In order to study the public health impact of these three foodborne and zoonotic parasites, we developed quantitative risk assessment (QMRA) models with the following aims:

1. Toxoplasma gondii: to get more insight in the relative importance of meat products for human infections;

2. Trichinella spiralis: to compare the public health risks of pigs kept under controlled and non-controlled housing conditions;

3. Taenia solium: to assess the risk of human T. solium exposure from home slaughtered pigs versus slaughtered pigs with meat inspection.

In this paper we summarize the framework of the QMRA models per FBP and the results. The results can be used to give directions for control options to reduce the disease burden of these foodborne diseases.

Quantitative microbiological risk assessment for three foodborne parasitic diseases

Toxoplasmosis

The life cycle of T. gondii entails two main infectious stages: 1) oocysts are excreted in the environment by recently infected felines (definitive host) and become infectious to virtually all warm-blooded animals upon sporulation, 2) tissue cysts develop in muscle and nervous tissues of intermediate hosts and are infectious to felines and other intermediate hosts via carnivory. Thus, consumption of raw or undercooked meat is one of the main sources of T. gondii infection in humans. In case a woman is primary infected during pregnancy, the parasite can be transmitted transplacentally and result in abortion, or congenital disease in the newborn. The classical triad for congenital toxoplasmosis consists of chorioretinitis, intracranial calcifications and hydrocephalus, however, often newborns show other less specific symptoms or are asymptomatic at birth. In immunocompetent individuals, the acute phase of the infection usually passes asymptomatically or signs are limited to lymphadenopathy and mild flu-like symptoms. However, both congenitally infected children and immunocompetent individuals that acquired an infection later in life are at risk for developing chorioretinitis. In severely immunocompromised patients (e.g. AIDS-patients or patients under strong immunosuppressive treatment), uncontrolled parasite replication from primary or by recrudescence of a latent infection can result in potentially fatal encephalitis, pneumonitis, myocarditis or disseminated toxoplasmosis. Mainly the lifelong health implications of congenital toxoplasmosis, but also the effects of ocular toxoplasmosis after acquired infection contribute to the disease burden in DALYs (Havelaar, Kirk et al. 2015, Torgerson, Devleesschauwer et al. 2015).

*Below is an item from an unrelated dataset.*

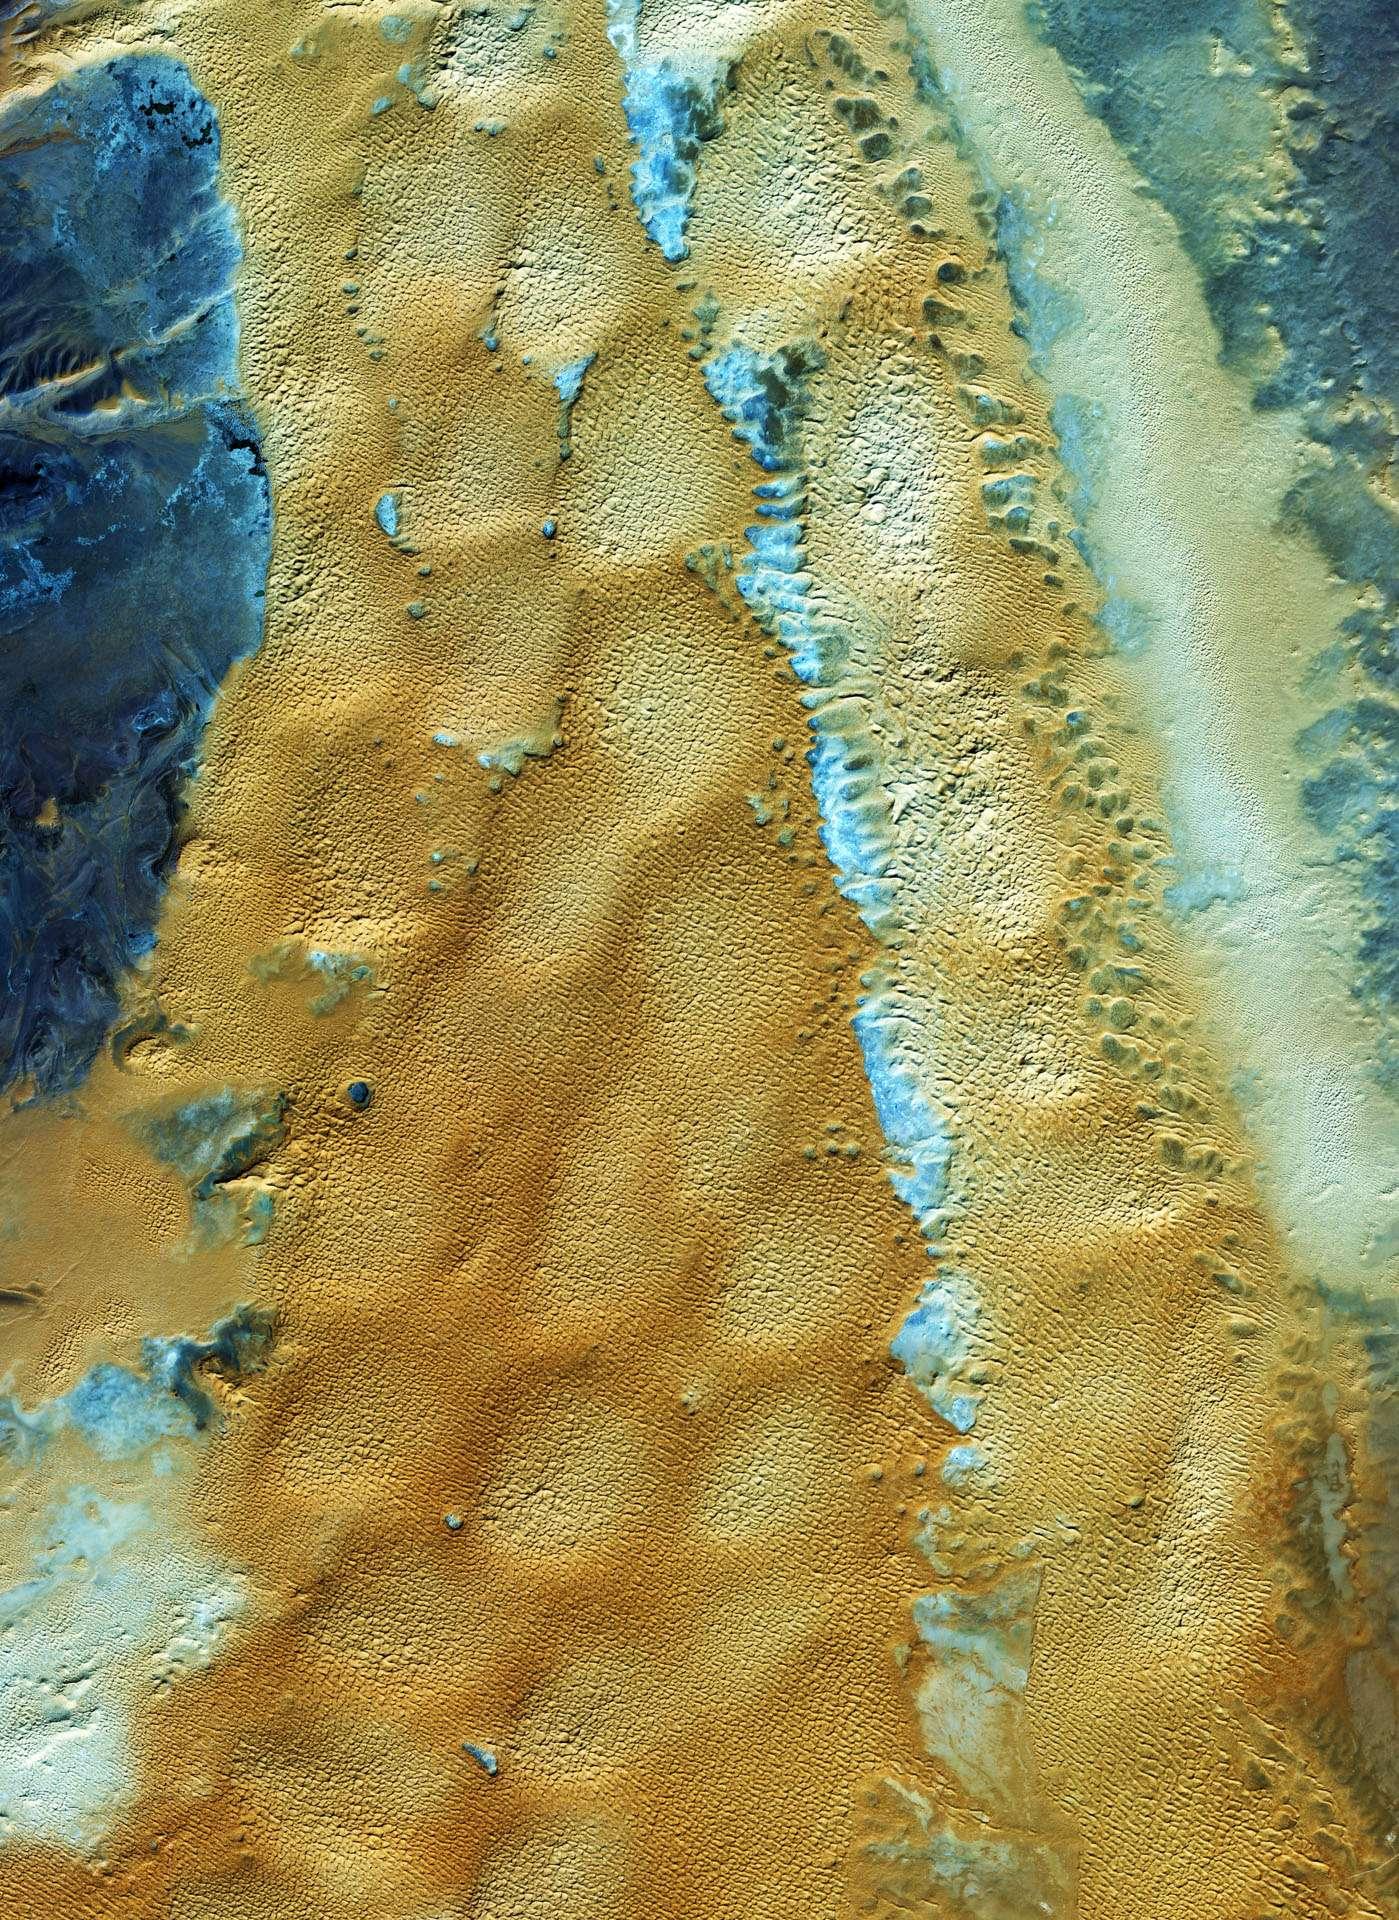 Cette image des sables algériens a été prise le 23 avril 2008 par le satellite commercial Ikonos 2 avec une résolution au sol de 4 mètres. © Eusi

QMRA meat borne Toxoplasma gondii

To study the relative contribution of different meat products a quantitative risk assessment model was set up (Opsteegh, Prickaerts et al. 2011). In this model (Fig. 1) data on the prevalence and concentration of T. gondii in livestock was combined with data on preparation and consumption of various meat products. Moreover, inactivation by meat processing (i.e. heating, freezing and salting) was modelled and a dose-response model based on data from animal experiments (Guo, Mishra et al. 2016) was used to predict the probability of infection per consumed portion. Despite a low prevalence of T. gondii infection in cattle, consumption of beef is predicted to be the main source of T. gondii infection via meat in the Netherlands (Opsteegh, Prickaerts et al. 2011, Deng, Swart et al. 2019). Pork products were estimated to contribute 11-12% of meat borne infections. The relative contribution is strongly influenced by preparation and consumption habits. In the Netherlands, fresh meat is generally heated properly and two popular ready-to-eat raw meat products were most important: “Filet americain” (a raw beef spread) and “theeworst” (a raw pork sausage) add up to 90% of the total of predicted meat borne infections (Deng, Swart et al. 2019).

Figure 1. Schematic overview of the quantitative risk assessment model for meat borne T. gondii infections. (From: (Opsteegh, Prickaerts et al. 2011).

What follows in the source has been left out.